Dün annen, Özden uzun uzun ata bindik. Hava serin, rüzgarsız ve güneşli idi. Hep iyiyiz. Gözlerinden öperiz. Büyükannen bir türlü düzelmiyor. Gelecek mektupta bir iki tatlı söz yaz okutsun, bahtiyar olur. Ömer, seni parasız bırakmayalım diye her fırsatta söylenir. Erdal, sıkıntı çekiyor musun evladım, bana arkadaşın gibi vaziyetini olduğu gibi doğru söyle. Selamlar ve sevgilerle.

27 Şubat 1949

Erdalım, sevgili oğlum,

Annene yazdığın 21 tarihli mektubu okuduk. Keyiflisin, iyisin; çok şükür. Derslerin normal diyorsun. On gün sonra yeni bir imtihanınız var. Allah kolaylık versin.

Kürk hikayesini de okudum. Olacak iş değil! O kadar doları bulamayız. Hemen sözünü geri al. Senin bu kadarcık ihtiyat paran için üç senedir uğraşıyoruz. Hulasa, olacak iş değil.

Büyükannen bugün daha iyi. Dün bir kriz geçirdi. Çok üzüldük. Bugün çok iyi. Selamını ben söyledim, çok dua etti. Gözlerinden öperim evladım sevgili Erdalım, canım oğlum.

27 Temmuz 1949

Erdal, sevgili evladım,

Ömer bu sabah Amerikalı dostları ile Roma' ya uçtu. Bayramı oralarda geçirecek. Annen, büyükannen, Özden içeride, misafirler ile bayram yapıyorlar. Ben kütüphanede seninle yalnızım. Senin derslerini hatırlamaya, senin yalnızlığın ile duygularımı meşgul etmeye çalışıyorum. Bütün kuvvetimizi ve tesellimizi senin ilim adamı olarak yetişmene hasretmeye uğraşıyoruz. Var ol evladım, sıhhatin ile, neşe ile memlekete faydalı bir ilim adamı olarak yetişmeye çalış. Bayramın kutlu olsun. Gözlerinden öperim. Canım Erdalım, sevgili Erdalım.

28 Ekim 1949

Erdalım, sevgili evladım,

Bugün Cumhuriyet Bayramı başladı. Yarın tebrikler ve geçit resmi. Seni de tebrik edeyim. Bilesin ki, pek iyiyim. Sıhhatim yerinde, iç politika gerginliği çok ehli oldu. Büyük söylemesini sevmem; ama üzüntüm kalmadı gibi, gelecek sene seçimi kazansak da, kazanmasak da umurumda değil..

13 Kasım 1949

Erdal, sevgili evladım,

Annen ile beraber yarışta idik. Hava çok güzel, atlar çok, yarış keyifli idi. Hep aklımda sen vardın. Seni çok göreceğim geldi. Amma bilesin ki, sen aklıma geldikçe yüreğimin içinde büyük bir ümit, gururla karışık olarak bana heyecan veriyor.

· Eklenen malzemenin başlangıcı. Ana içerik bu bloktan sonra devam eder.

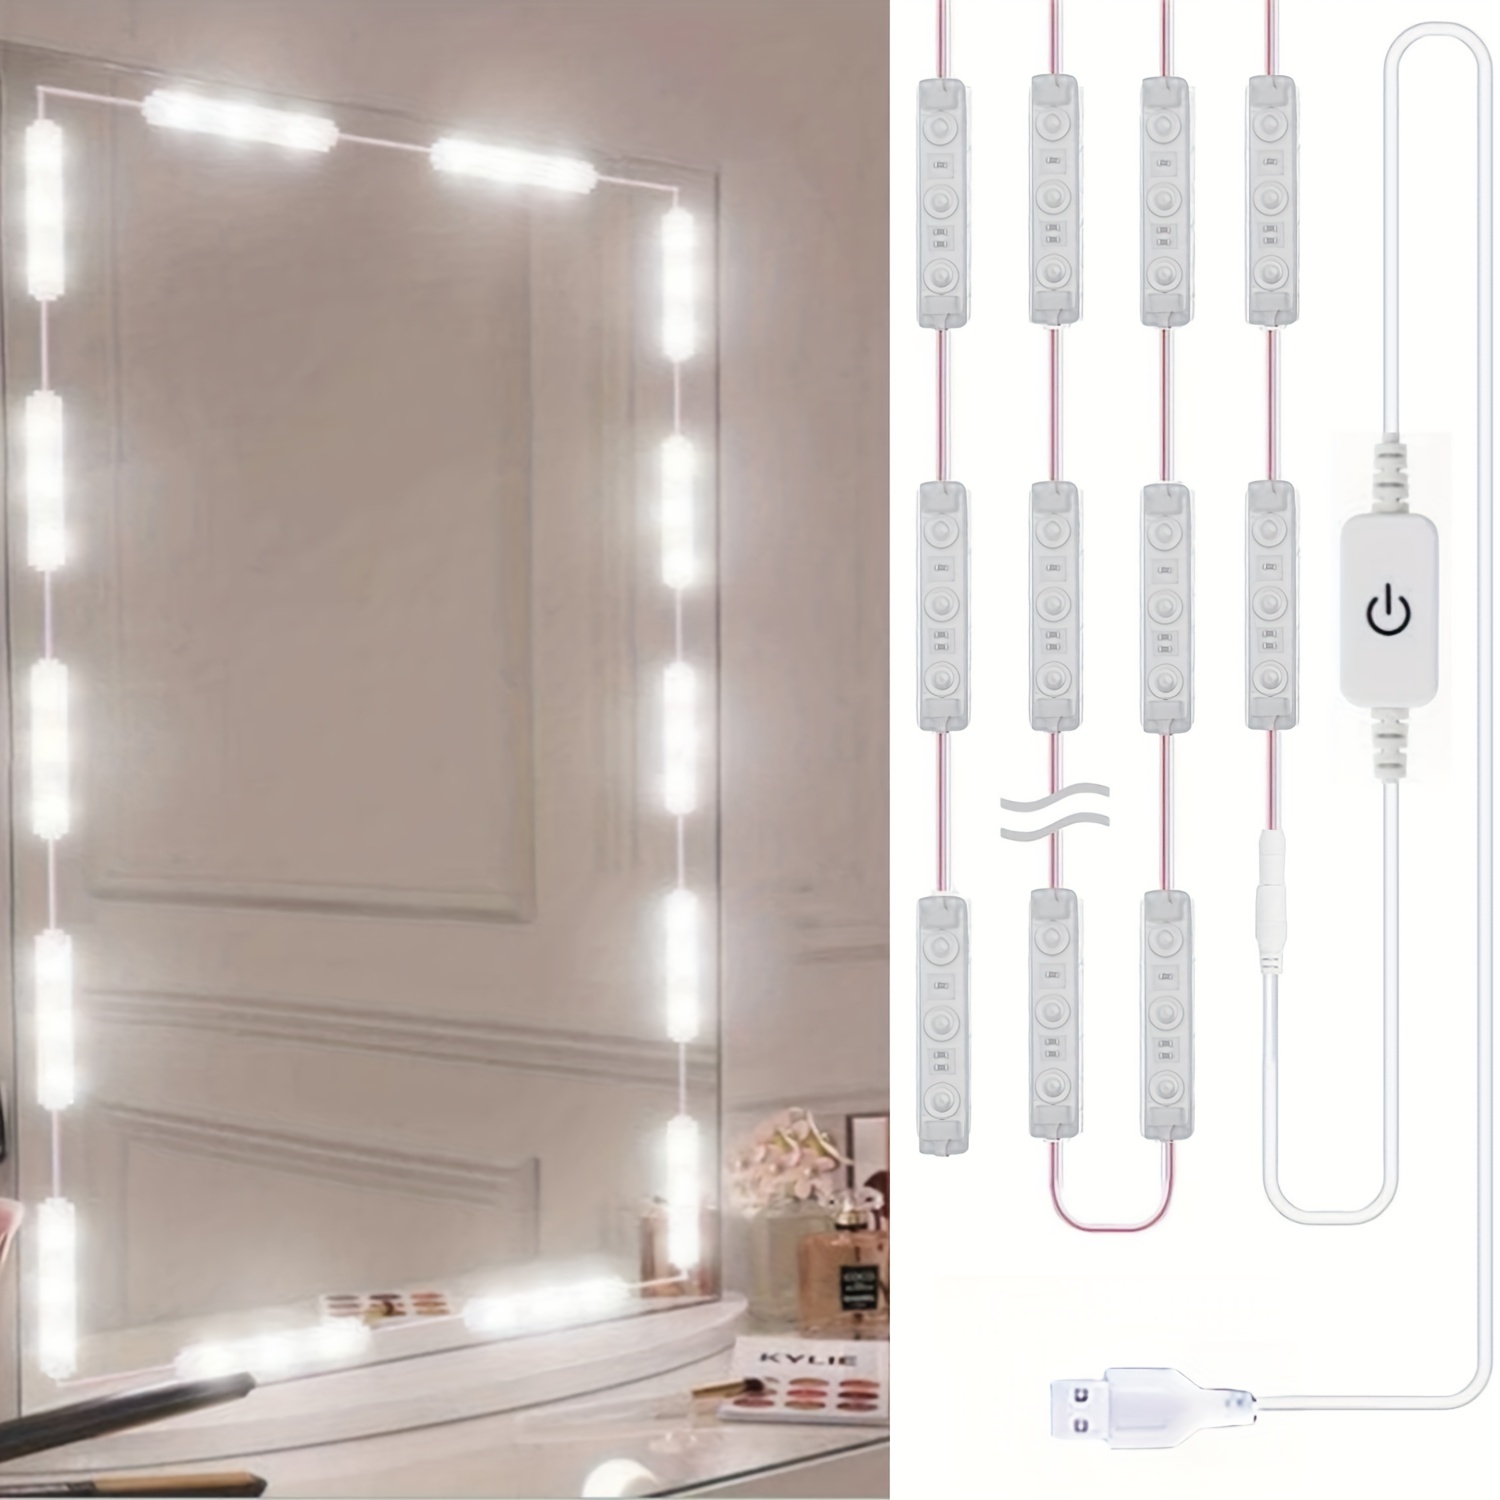 

Led Vanity Lights, Led Vanity Mirror Lights, Style Vanity Make Up Light, 6.56ft/10ft White Led, Dimmable Touch Control Lights Strip, For Makeup Vanity Table & Bathroom Mirror

Senin çalışmana çok güveniyorum. Hiç zorlama yok. İlim ısmarlama ile olmaz. Ne olacaksa onu sükunetle kabul ediyorum. Sıhhatin yerinde olsun, kendine iyi bak.

1 Ocak 1950

Erdalım, sevgili Erdalım,

Yılbaşını hep senin hayalinle geçirdik. Yeni yılını tebrik ederiz. 1950 senin için başarı yılı olsun. Bu sene içinde seni göreceğiz; seni tekrar doktoraya göndereceğiz, bunlar bizim en kıymetli hayallerimizdir. Haziran' ı hasretle bekliyoruz. Sömestr notunun B olduğunu kesin olarak bildirdin. Teşekkür ederiz. Başarın bizi bahtiyar etti.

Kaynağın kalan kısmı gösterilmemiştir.